(Recorded information begins)

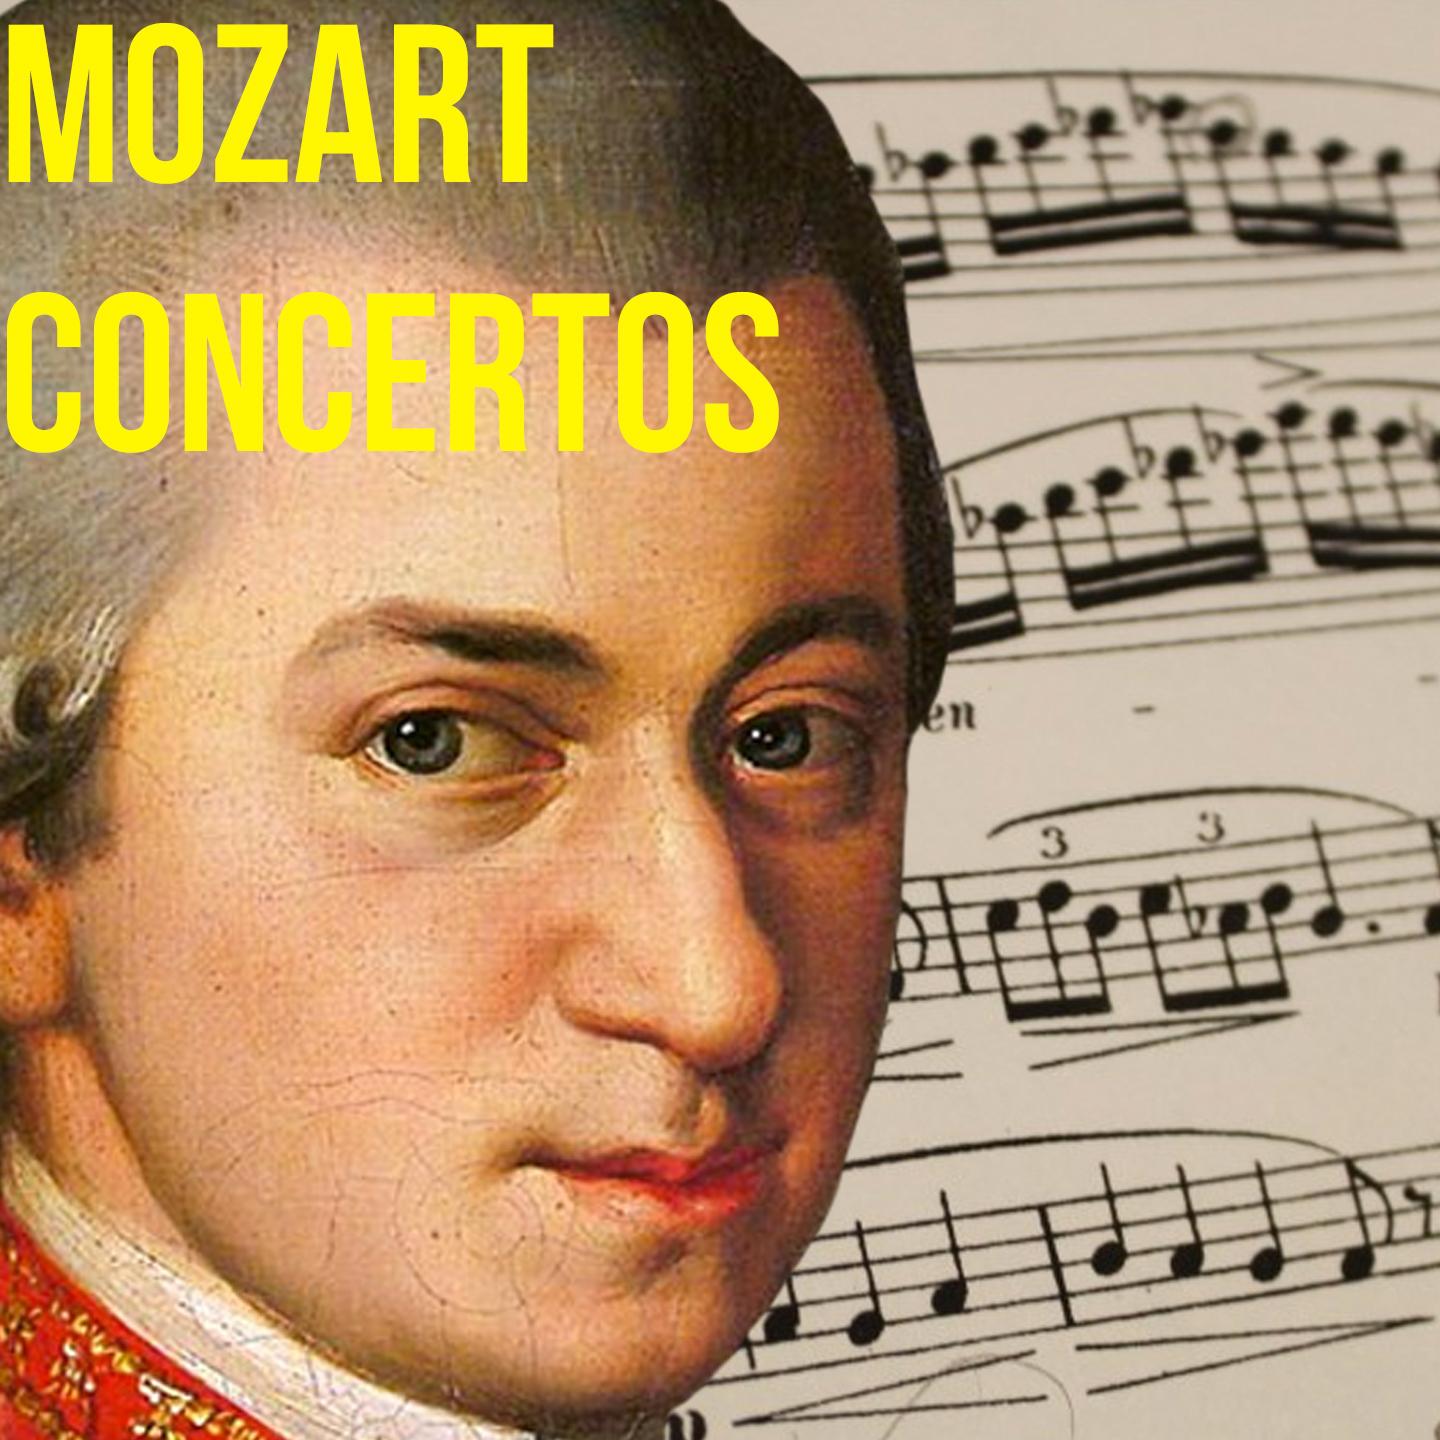 Mozart Concertos
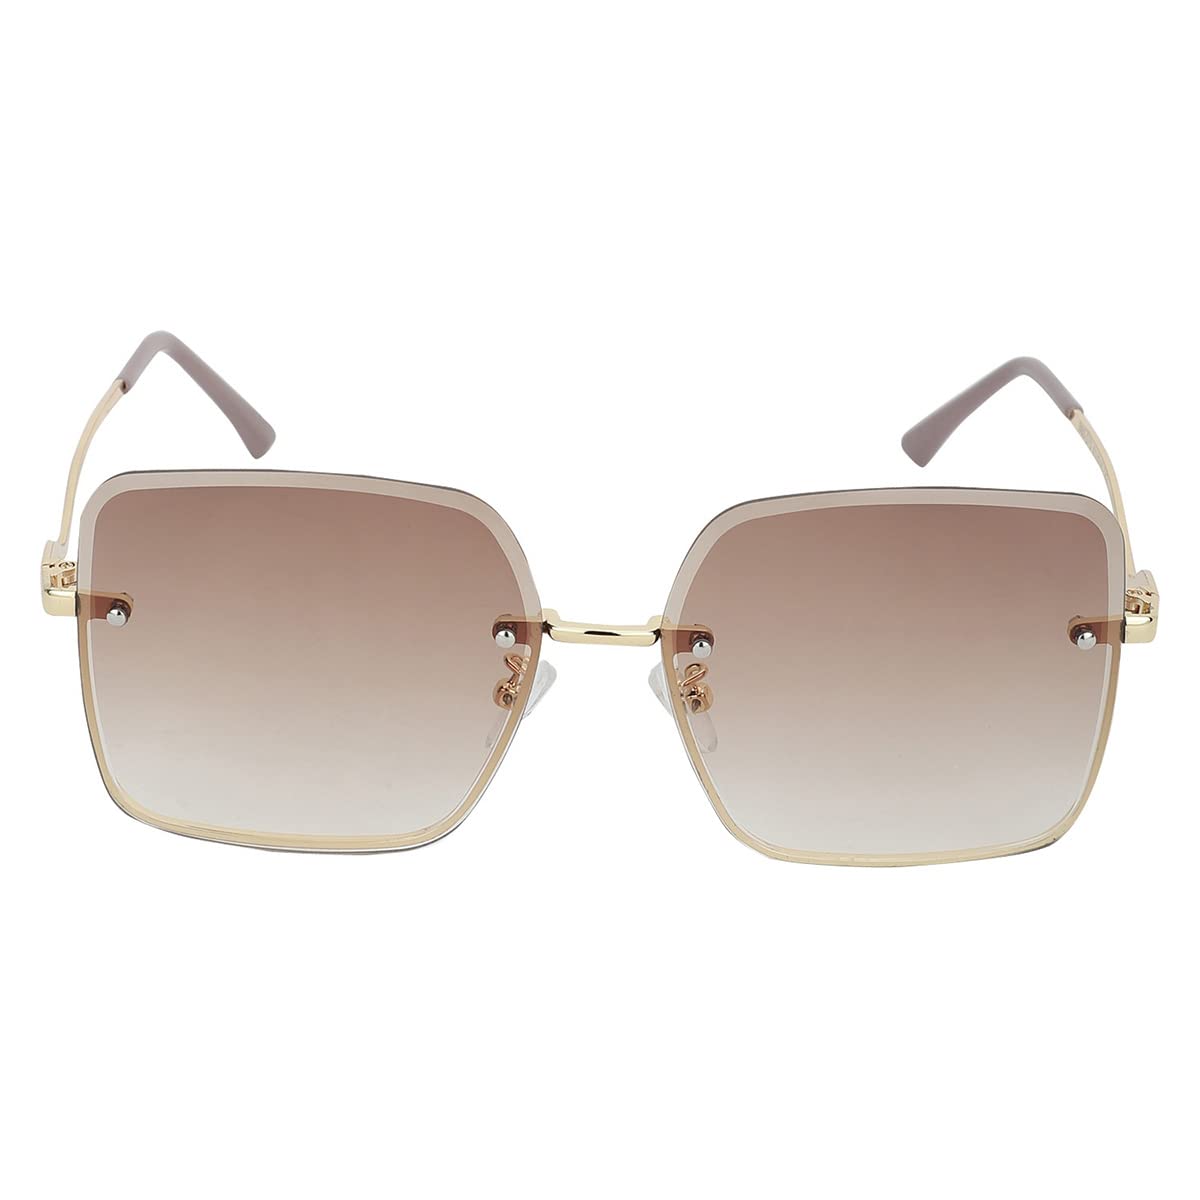 Carlton London Women UV Protected Lens Oversized Sunglasses 
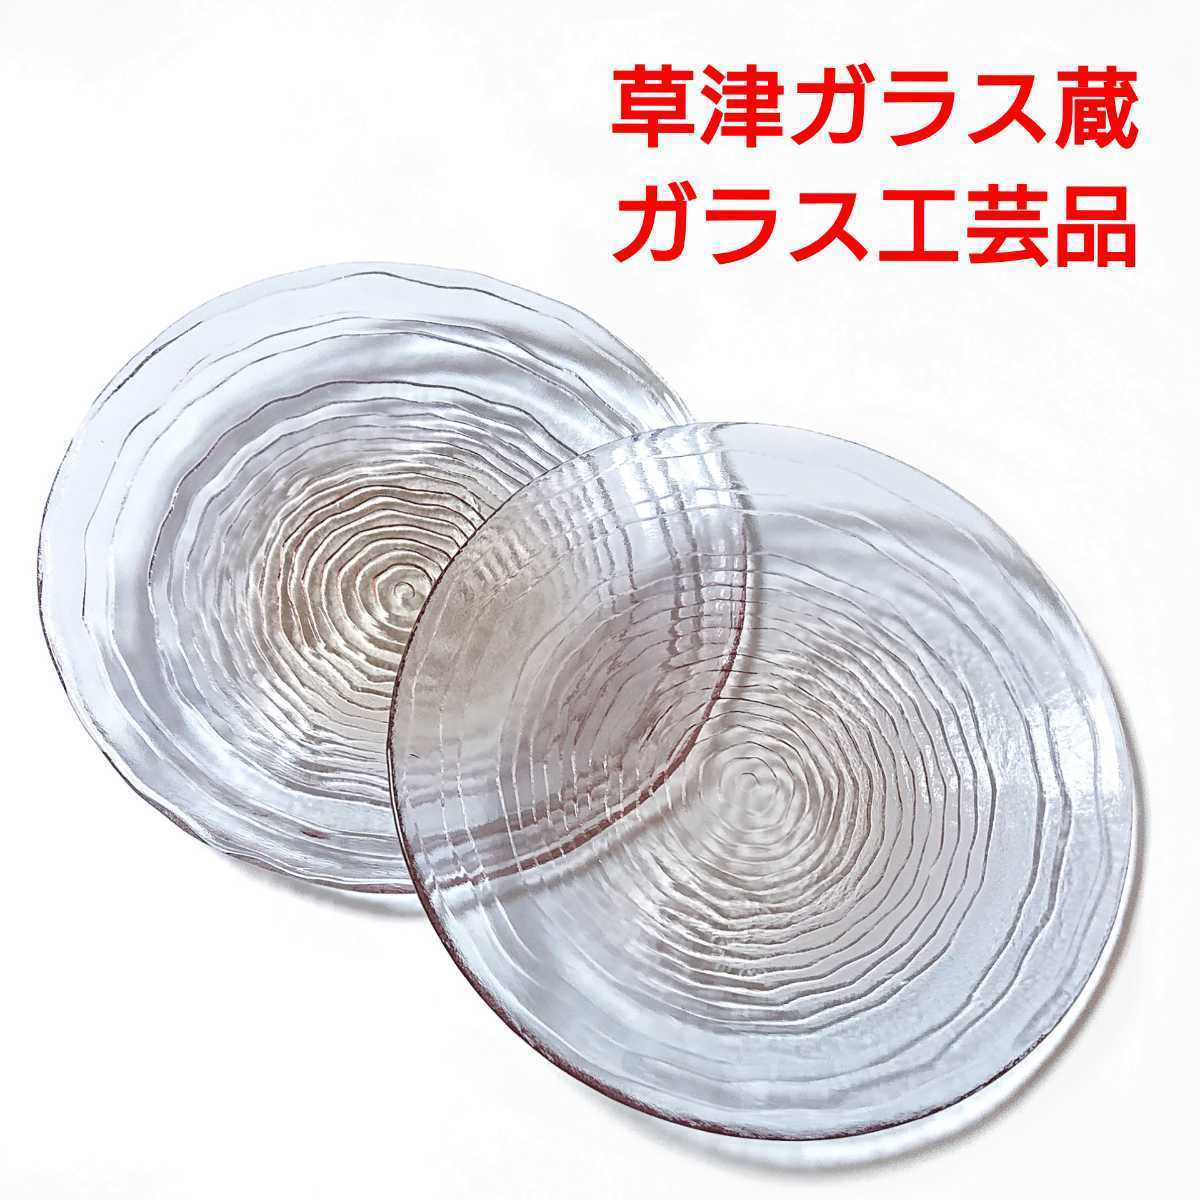 Kusatsu Onsen/Kusatsu Glass Warehouse/Glass crafts/Glass plate/Handmade/Blue, Western-style tableware, plate, dish, others

(Recorded information ends)

_Task item_
Type out the data above once more, exactly, with no images included.

_Response area_
 Mozart Concertos
 Carlton London Women UV Protected Lens Oversized Sunglasses 
 Kusatsu Onsen/Kusatsu Glass Warehouse/Glass crafts/Glass plate/Handmade/Blue, Western-style tableware, plate, dish, others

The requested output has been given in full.